The following post was written by my mother, Celia Nyamweru. Enjoy!

Ashtanga yoga is a family affair for me – I started practicing after my daughter, Wambui, began to share her life with the highly respected Ashtanga yoga teacher Petri Räisänen. In January 2011 they invited my husband and me to join them at Petri’s retreat on Koh Mak island in southern Thailand. I celebrated my sixty-ninth birthday the following July, when I was at my second retreat, the one run by Petri and his long-time friend and business partner, Juha Javanainen, in Houtskar, south-west Finland. Since then I have attended these retreats every year, usually for two or three weeks.  2016 was the seventh year of my retreats – and incidentally of my seventy-fourth birthday. As I’ve got older and stiffer, I have seen Wambui gain in skill and confidence, both as a practitioner of yoga and as a teacher. She and Petri are now the parents of a 2.5 year old son, Sesam – but I will come back to that later!

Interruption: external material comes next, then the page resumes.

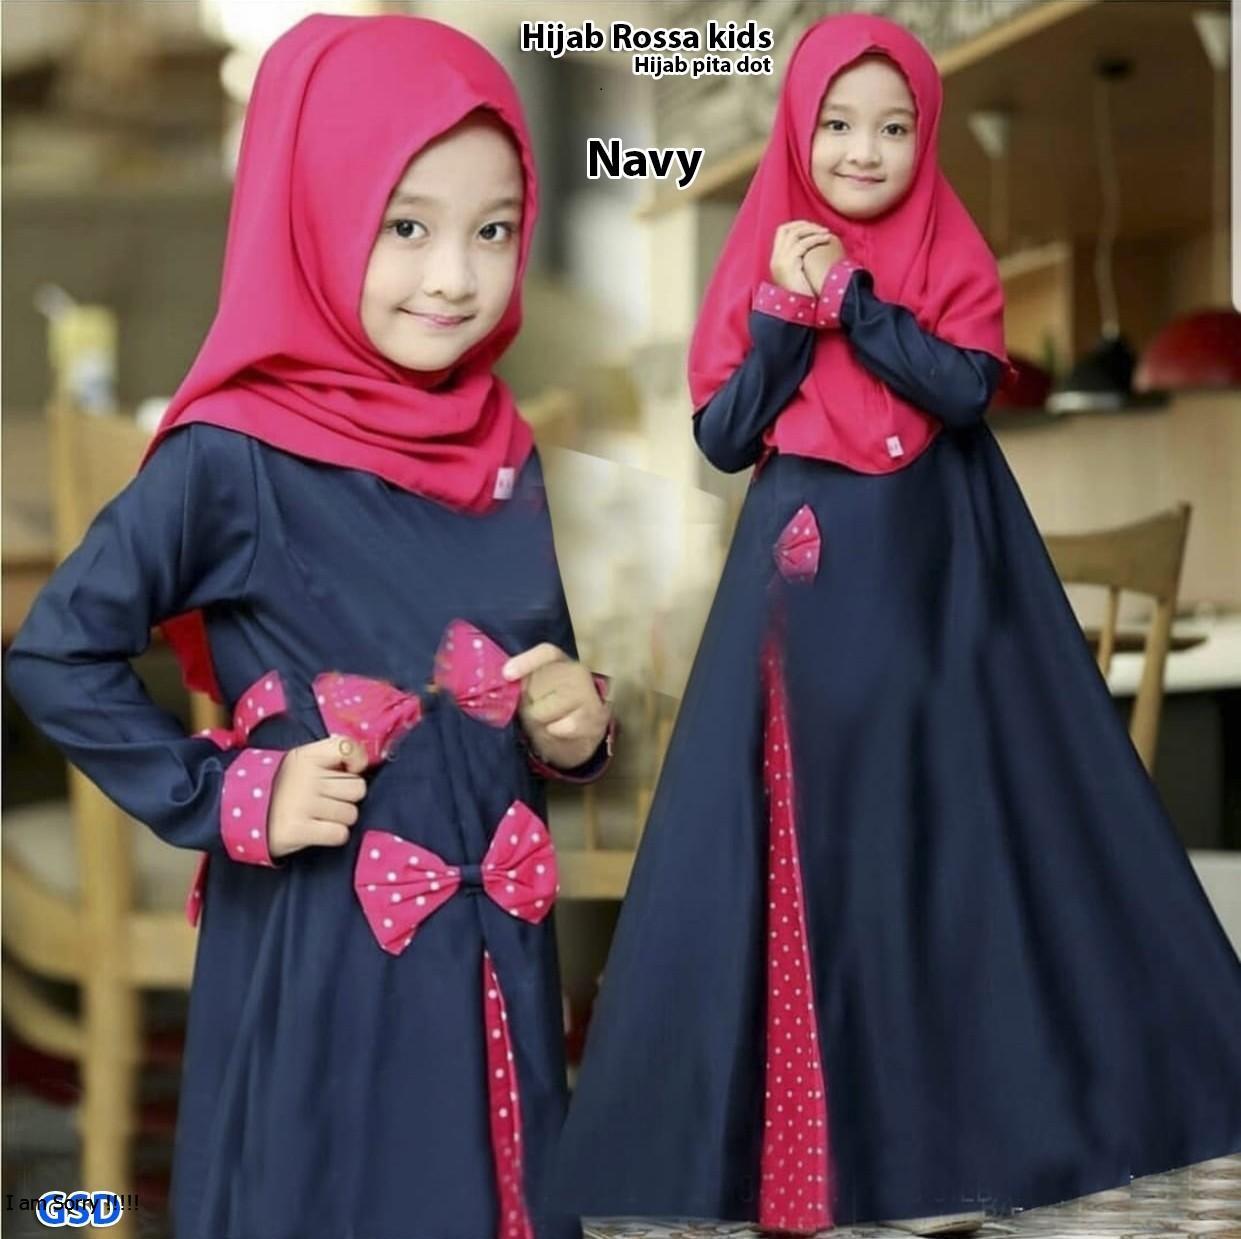 NCR-Baju Anak Cewek  Baju Muslim Anak Cewek  Baju Maxi Anak  Baju 6f362ad6d8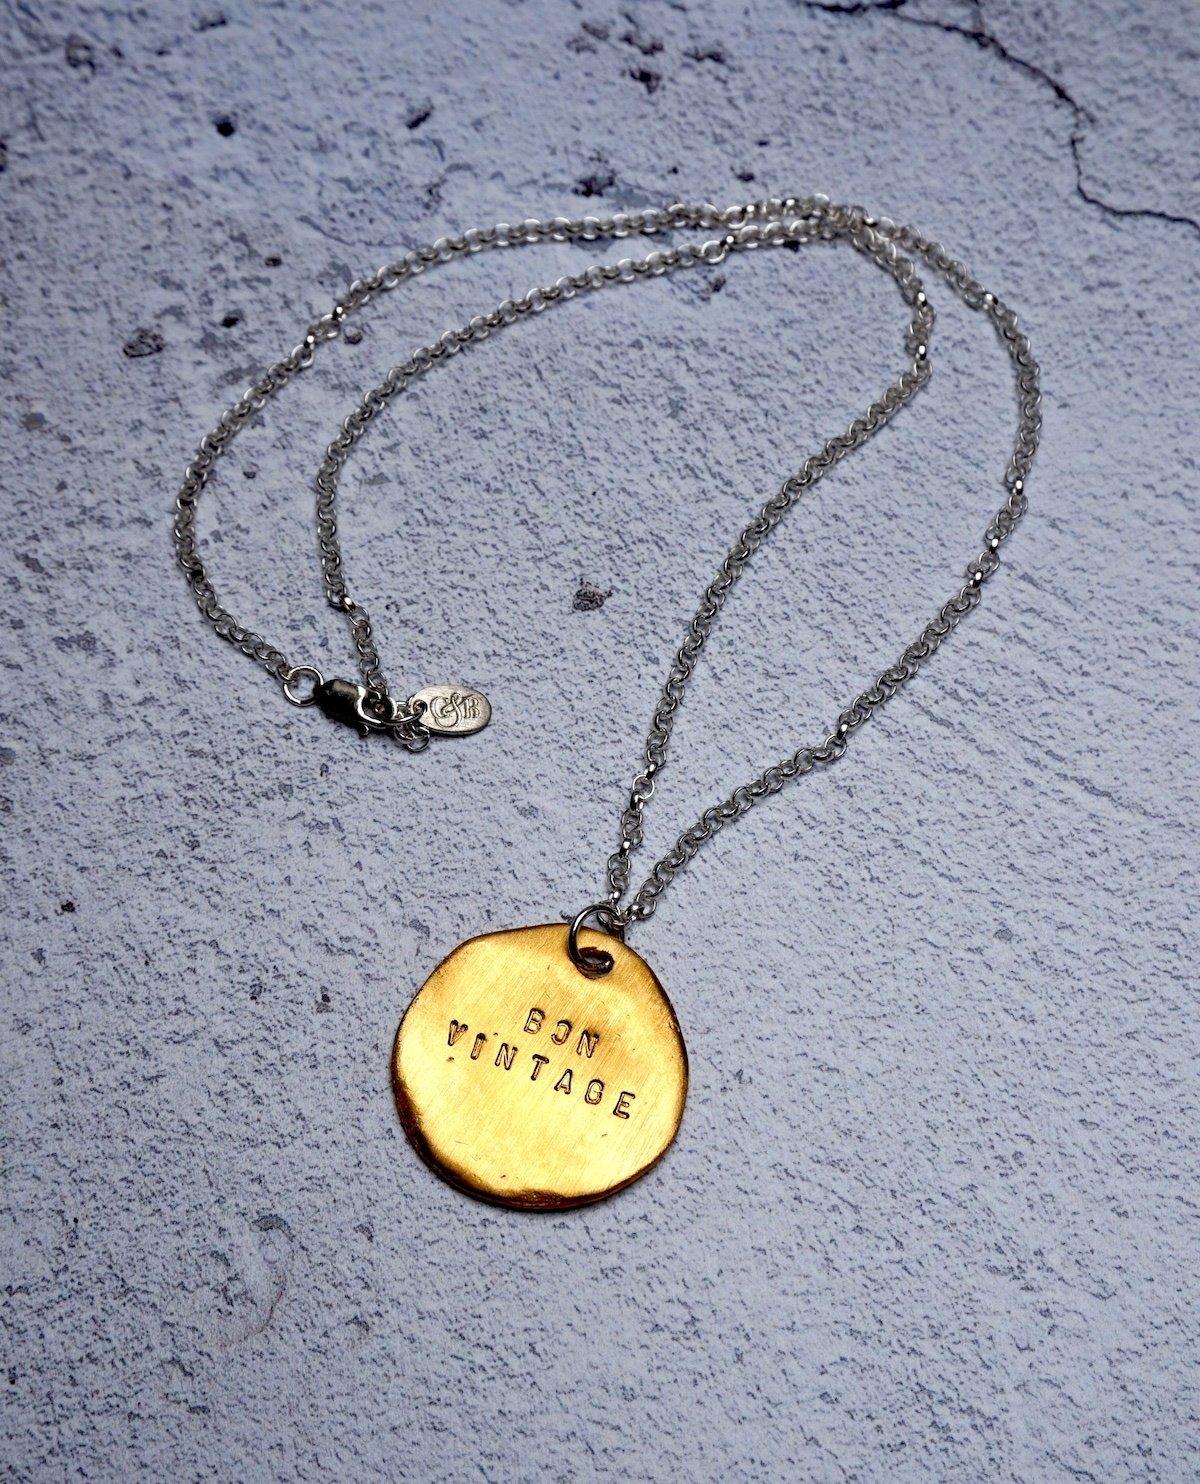 Bon Vintage necklace | fwp by rae

The way I have come to understand Ashtanga yoga, your chosen teacher is a very important person in one’s practice, the person to whom one turns for advice and by whom one is given permission to attempt new asanas. I consider Petri to be my instructor, but I only actually practice with him twice a year, during the Koh Mak and Houtskar retreats. During these retreats he makes time available for personal consultations, as well as running group sessions where he addresses people’s questions and demonstrates particular asanas. As his mother-in-law, I feel that I should keep a low profile in these sessions. I try to be very scrupulous about not bothering him with yoga-related questions when we are together at meal times or sharing family time during the retreats. I am a retired university professor and I know how exhausting it can be to run workshops and field trips when one is constantly bombarded with student questions! I am lucky to be able to turn to Wambui for questions about my practice as well – including reminding me of the Sanskrit names of some of the asanas!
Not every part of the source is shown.